Анастасия Туровская. Яблоки

Где-то там, за редеющим летним дождём,
где уже розоват окоем,
яблоки падают, катятся,
от Казанской — к Параскеве Пятнице.
Обойдешь посолонь, протянешь ладонь
золотое-румяное — тебе.
Там, за рекой,
за полынью, за полыньёй,
там, где имя твоё —
на реке ледоход, на реке ледостав,
над рекой — листопад…
Как будто можно в это верить!
Сидеть и слушать —
шуршат сухие погремушки
на глубоко февральском клёне,
как будто мамины серёжки,
когда, склонясь над колыбелью,
тихонько пела...
На нитке птички и зверушки
качались мерно —
ты тянулась
ручонками и что-то лепетала.
Как-будто можно это помнить!
Вздох ветра в шторах
и каждый предрассветный шорох —
хрусталики советской люстры
звенят чуть слышно
на грани утра, в полусонье,
и яблоня цветёт в проёме.
Всё там, всё там, в парящем доме.

Анна Соболева. Спасти

Вот она ночь… Закончилась, близится час к шести,
Хочется их спасти: каждого, всех спасти.
Потому что опять на руках умирают, опять умирают
Больные, душевнобольные и раненые.
Плакать опять недосуг, плакать опять не пристало.
Господи, вот бы им жить, каждого бы оставила.

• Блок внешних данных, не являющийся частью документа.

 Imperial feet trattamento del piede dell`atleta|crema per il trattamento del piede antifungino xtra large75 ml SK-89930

Каждого бы пригрела, омыла и возвеличила:
Утопленную собаку, девочку, сжегшую спички,
Глядящих в небо на поле бранном в последнем вздохе,
Идущего длинной зеленой милей Джона Коффи.
Неоднозначных, сложных, совсем невинных
И обязательно Белого Бима,
Обязательно Белого Бима.
Горбуна, обнимающего цыганку, внутри подвала,
Обессиленную Пассук у Оленьего Перевала.

И в эту минуту прощаешь им: вольное и невольное.
Бегущему Левченко, дяде Тому, Паулю Боймеру.
Кажется, это ты лежишь на снегу, под поездом,
Это тебя отправляют резать в военный госпиталь.
У тебя каждый раз частичку, но отбирают,
А они умирают опять,
Опять умирают.

Олег Болдырев. Созвездия

Созвездия вершат свой ход в небесной вышине.
Готовы кони у ворот, погашен свет в окне.
Предоставляю вам летать во сне и пить вечерний чай...
Копыта простучат во тьме. Настал мой час. Прощай.

Я видел реку, что течет в бескрайний океан
И воды синие несет по землям разных стран,
А на побережье океана - гомон птичьих стай...
Жаль, что все эти дивные страны мне не нужны. Прощай.

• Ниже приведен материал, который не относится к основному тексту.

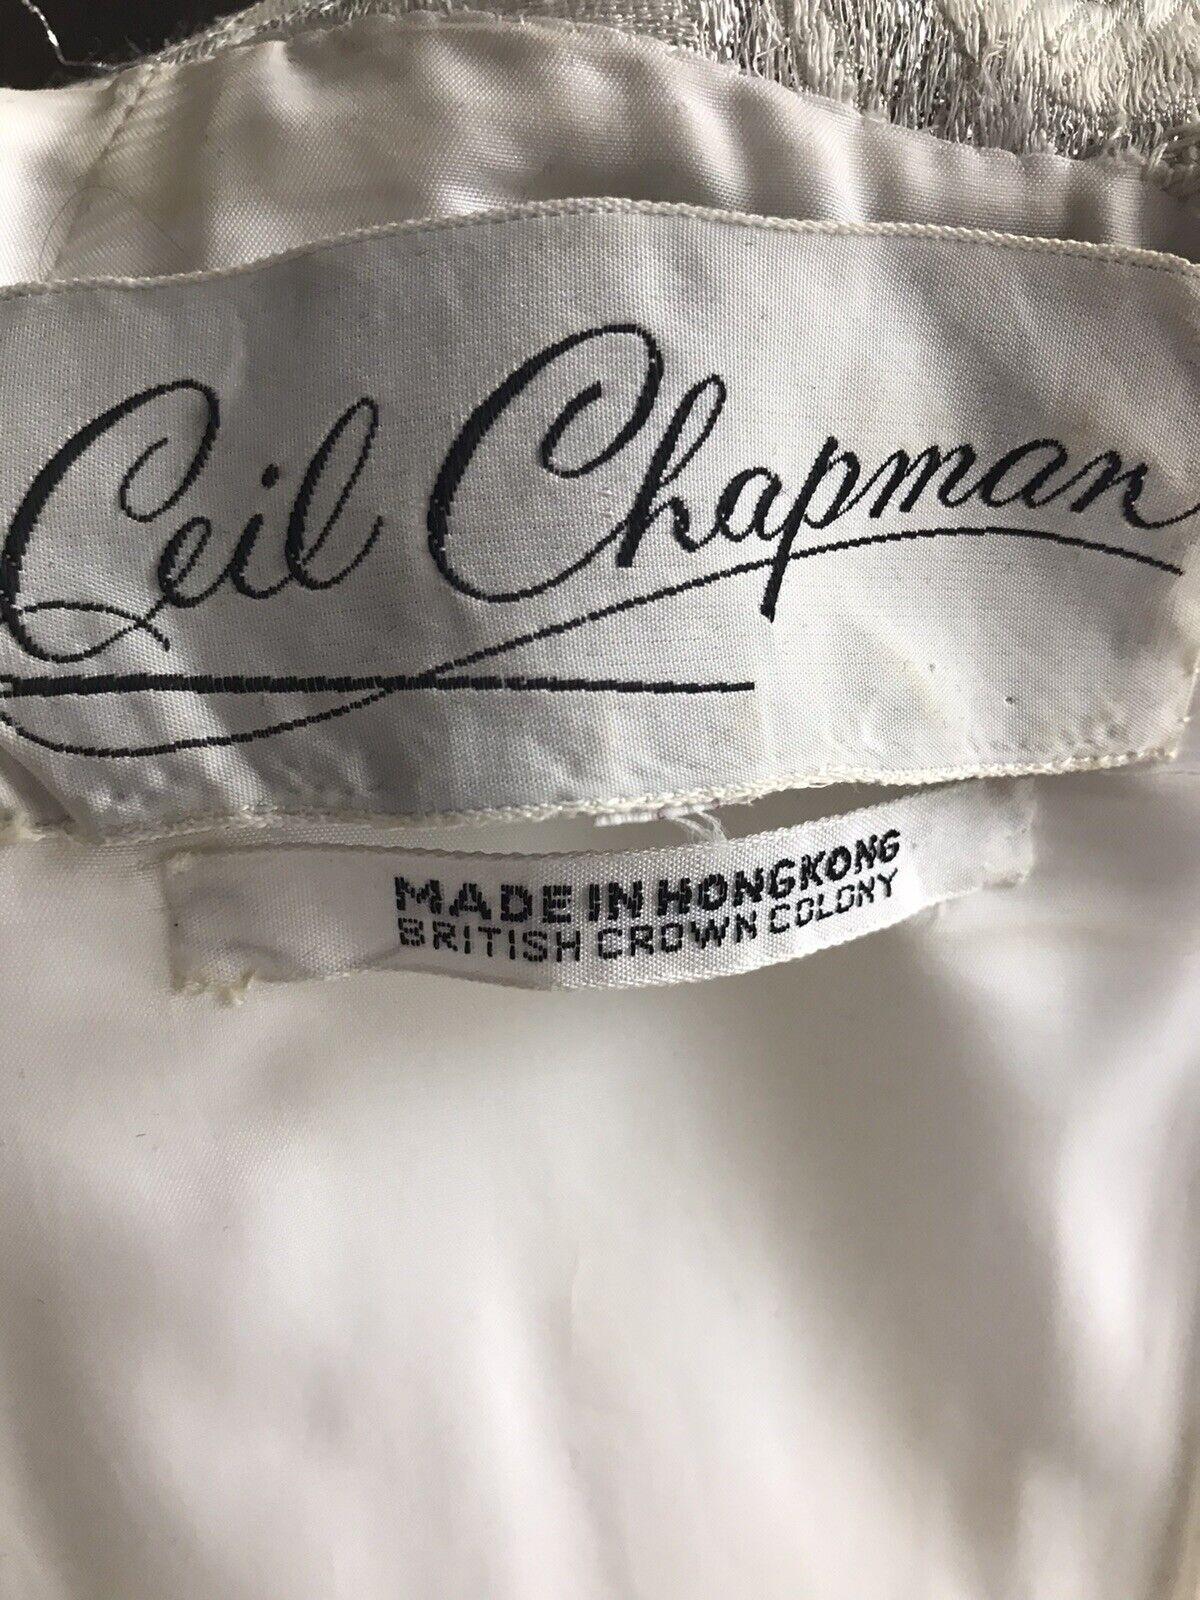 ceil chapman dress vintage - image 1

Звала меня моя земля остаться с ней навек -
Ее бескрайние поля, лесов святой ковчег.
Слышны напевы вольной доли, и сладок урожай -
Но не сыграть мне в этой роли. Пора идти. Прощай.

И бог меня не оставлял. поддерживал в тоске,
И даже как-то различал след мой на песке -
Но только я ведь не прошу пропуск в светлый рай,
Я вместе с песней уношу свои грехи. Прощай.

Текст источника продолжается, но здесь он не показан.